Task item
Would you copy only the lines below, from the one containing "A deserted beach in Jamaica (Dreamstime)" through the very last one, leaving the pictures out?

Data extract
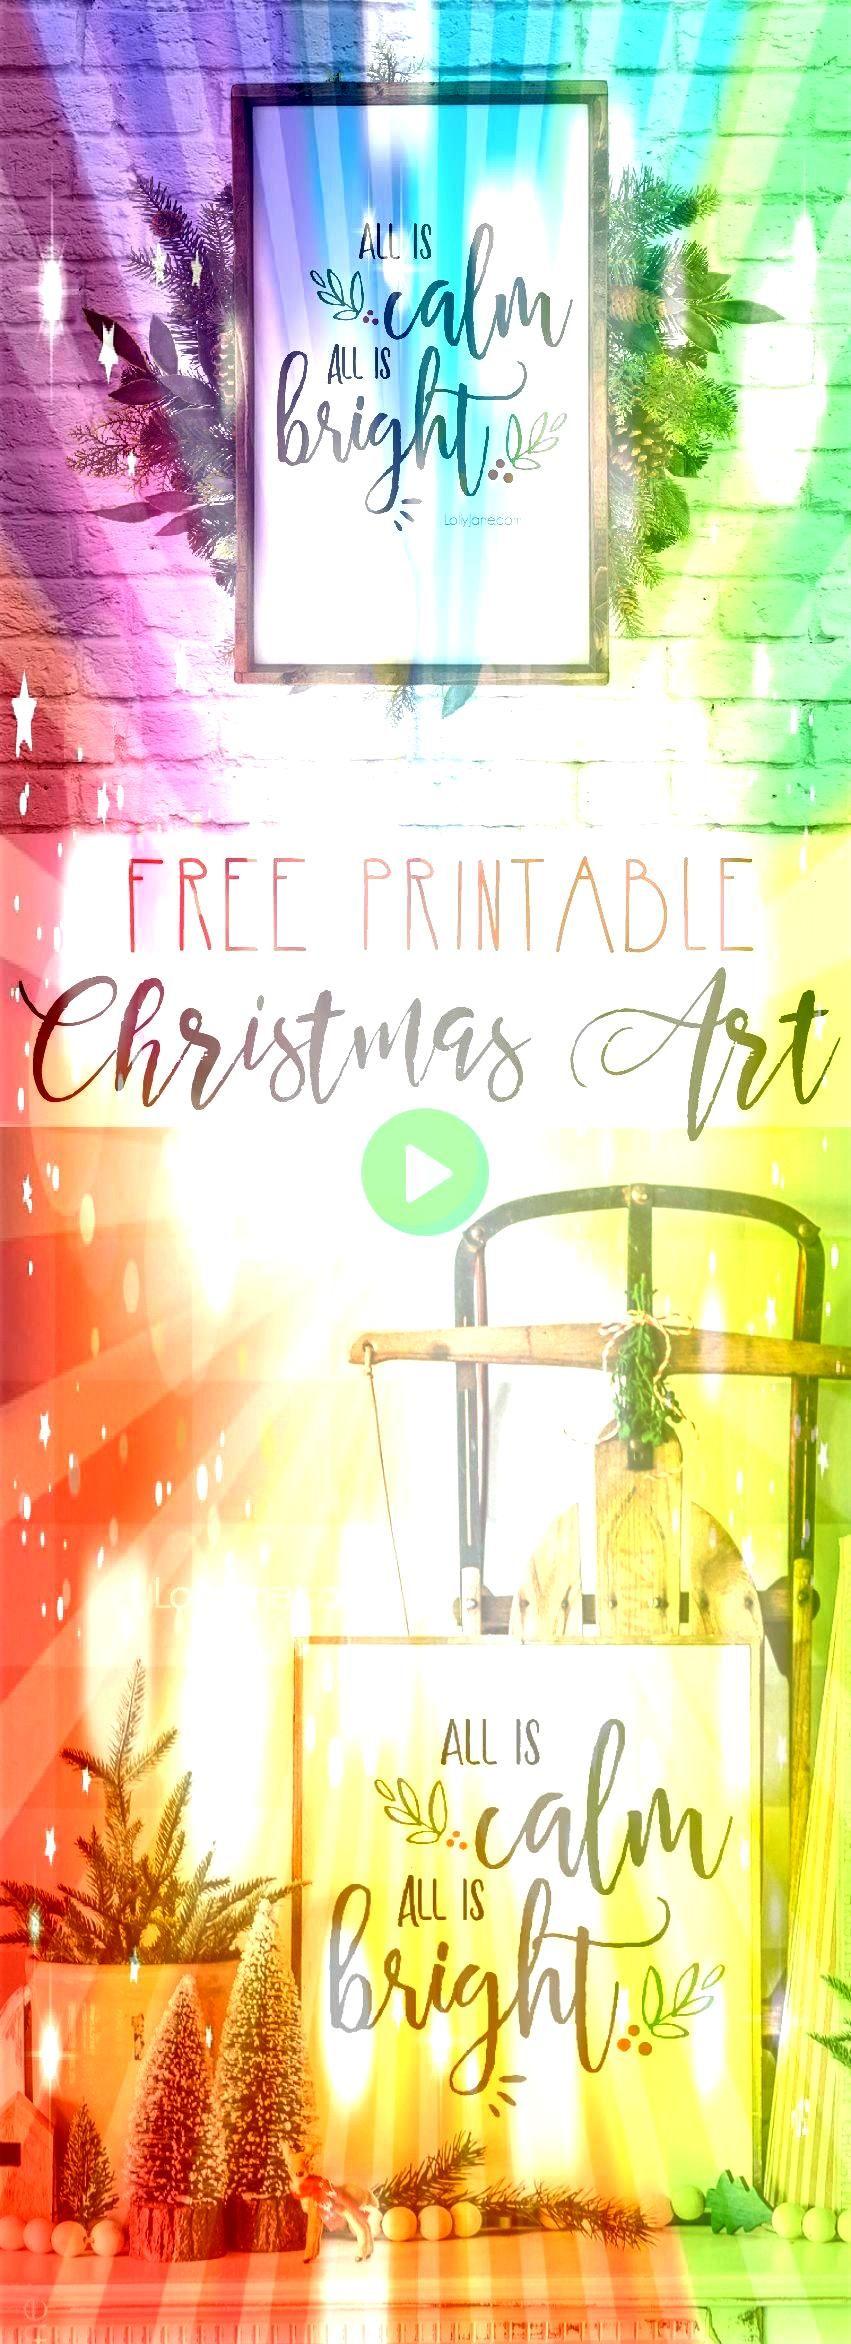 silent night christmas art  Love this pretty FREE Printable Christmas Art use as art a card invitation banner or to simpl free printable silent night christmas art  Love...
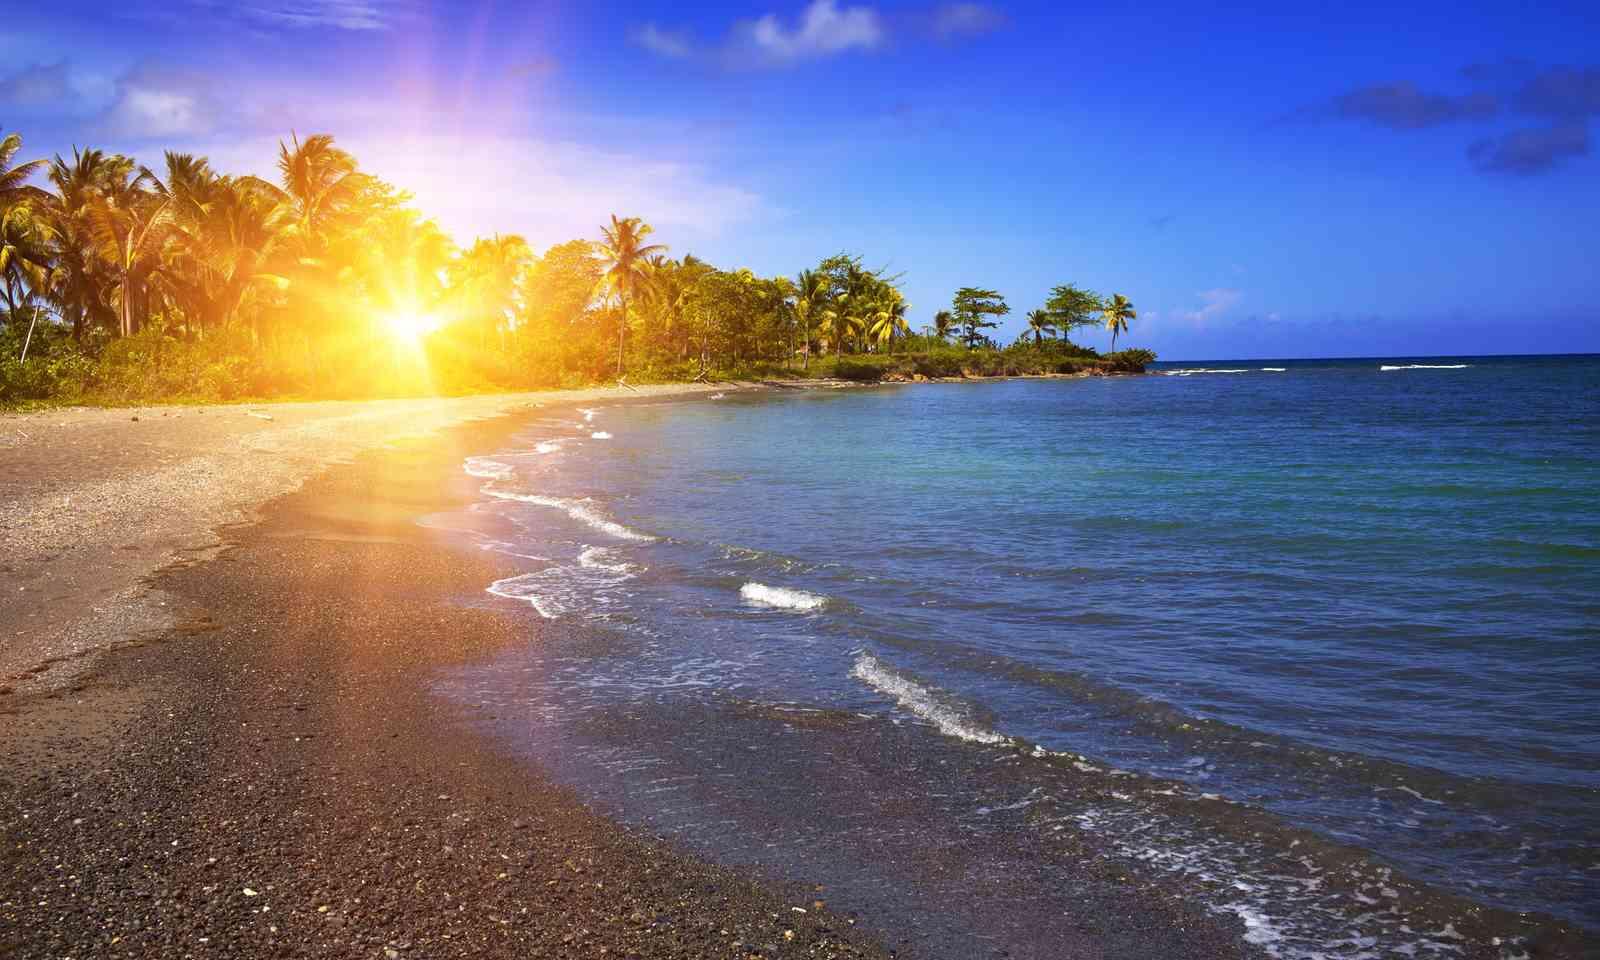 A deserted beach in Jamaica (Dreamstime)
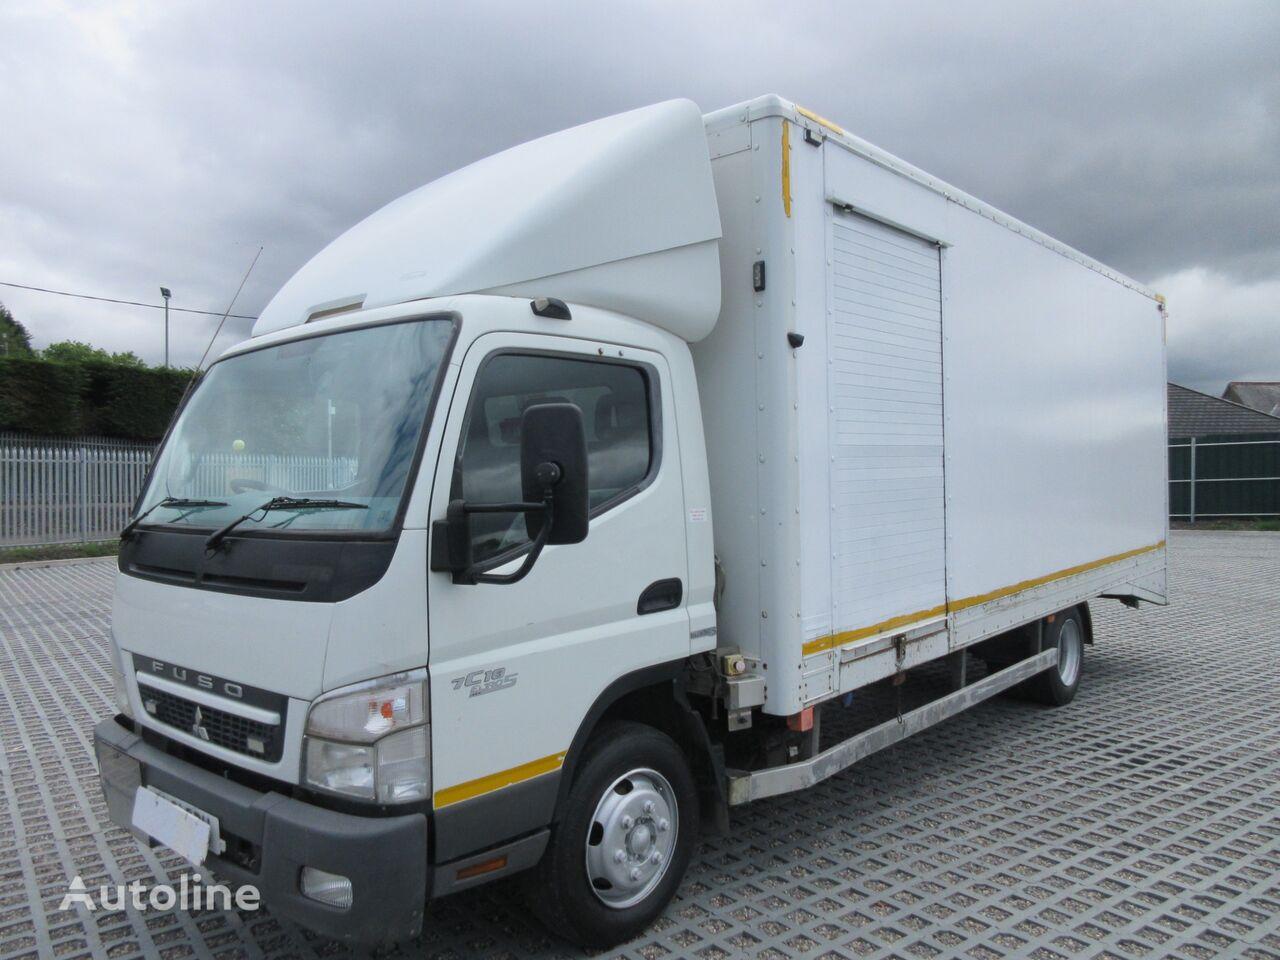 MITSUBISHI CANTER 7C18 FUSO 4X2 7.5TON BEAVERTAIL BOX VAN C/W ROLLER SHUTTE kamion furgon
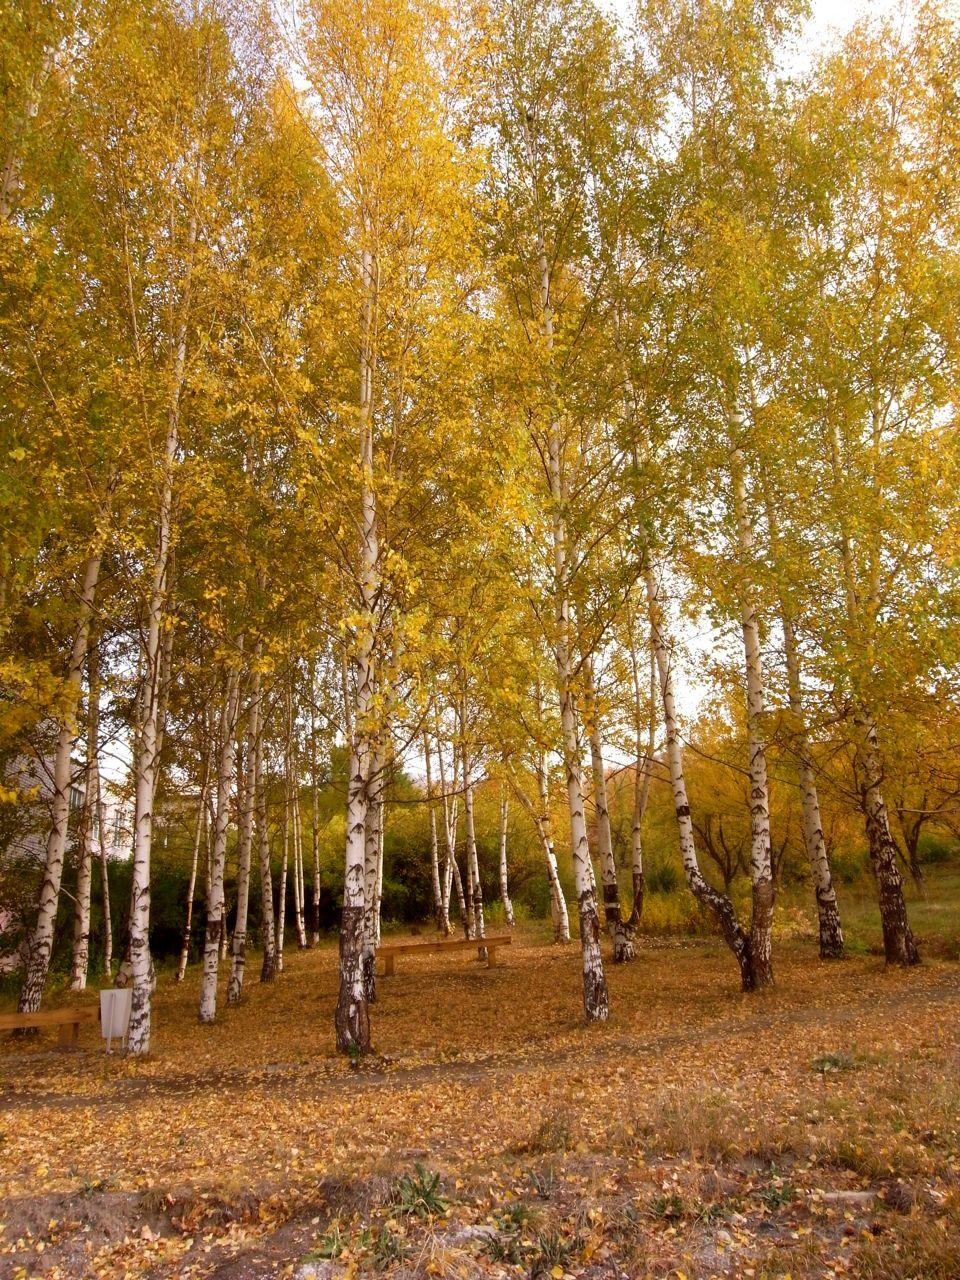 Tekeli in seasons 12 深まりゆく中央アジアの秋

Exercise response
 A deserted beach in Jamaica (Dreamstime)
 MITSUBISHI CANTER 7C18 FUSO 4X2 7.5TON BEAVERTAIL BOX VAN C/W ROLLER SHUTTE kamion furgon
 Tekeli in seasons 12 深まりゆく中央アジアの秋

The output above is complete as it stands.